Badges of Hope

Cowlicks and peach fuzz, wilding dreadlocks and casual piercings and sleeves of green script tattoos.  Kids in here wear badges of cool intended to contradict the irremovable signs of their youth, which feel more like scars by the time they’re hunched in Echo Hall with Pongo mentors.  Many say they wish they were older—and why wouldn’t they?  All the liabilities of adulthood have been strapped on them since they were far younger than they are now; hunger for the relative privileges of adulthood is comprehensible.  I want to tell them not to hurry, but it’s too late.  I don’t know how to tell them to flip a U-turn on the interstate.  I want to believe and therefore be able to tell them that there are still carefree times to be had, but it’s a lie that I could only believe if I failed to examine my own life.  A liberal arts college degree and raucous rule-free dormitory are not in many of these kids’ futures.  To try to resuscitate childhood in this kind of dormitory—deadbolts and rubber tables, surveillance cams and plexi-glass—is a joke.  Often, the best we find here is eulogy for childhood.  Inasmuch as eulogy is intended to bring closure, it’s a worthy aim.

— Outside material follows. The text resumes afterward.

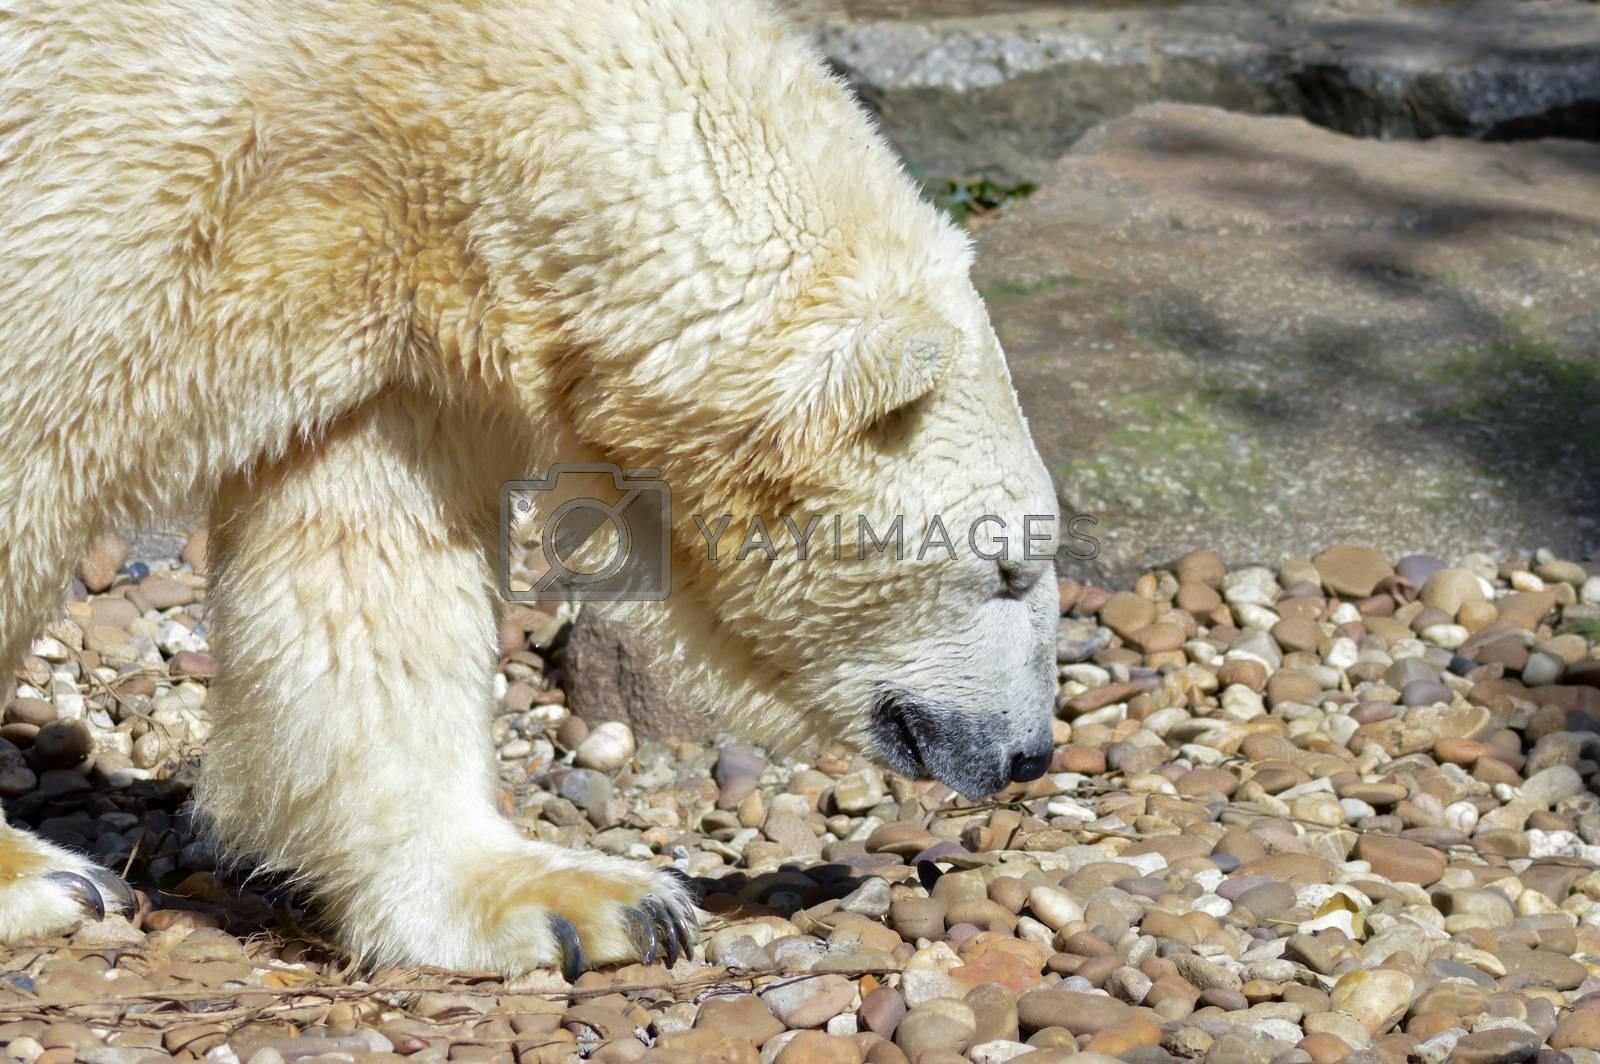 Polar bear on pebbles in an animal park in France

So this is the context for how I find myself thinking about the presidential election tonight: which candidate is likely to care about the welfare of these kids robbed of their innocence?  Which candidate possesses the empathy to witness these children as something other than statistics?  Which candidate has the ability to cut through fog of stigma around their actions and see the resilience manifest in their survival?  I’m under no illusion that “at-risk youth” or juvenile “justice” is at the forefront of either candidate’s mind anymore than climate change.  But, much like climate change, we can assume that one candidate at least believes that it’s a problem—and, much like climate change, it’s a problem that threatens our future.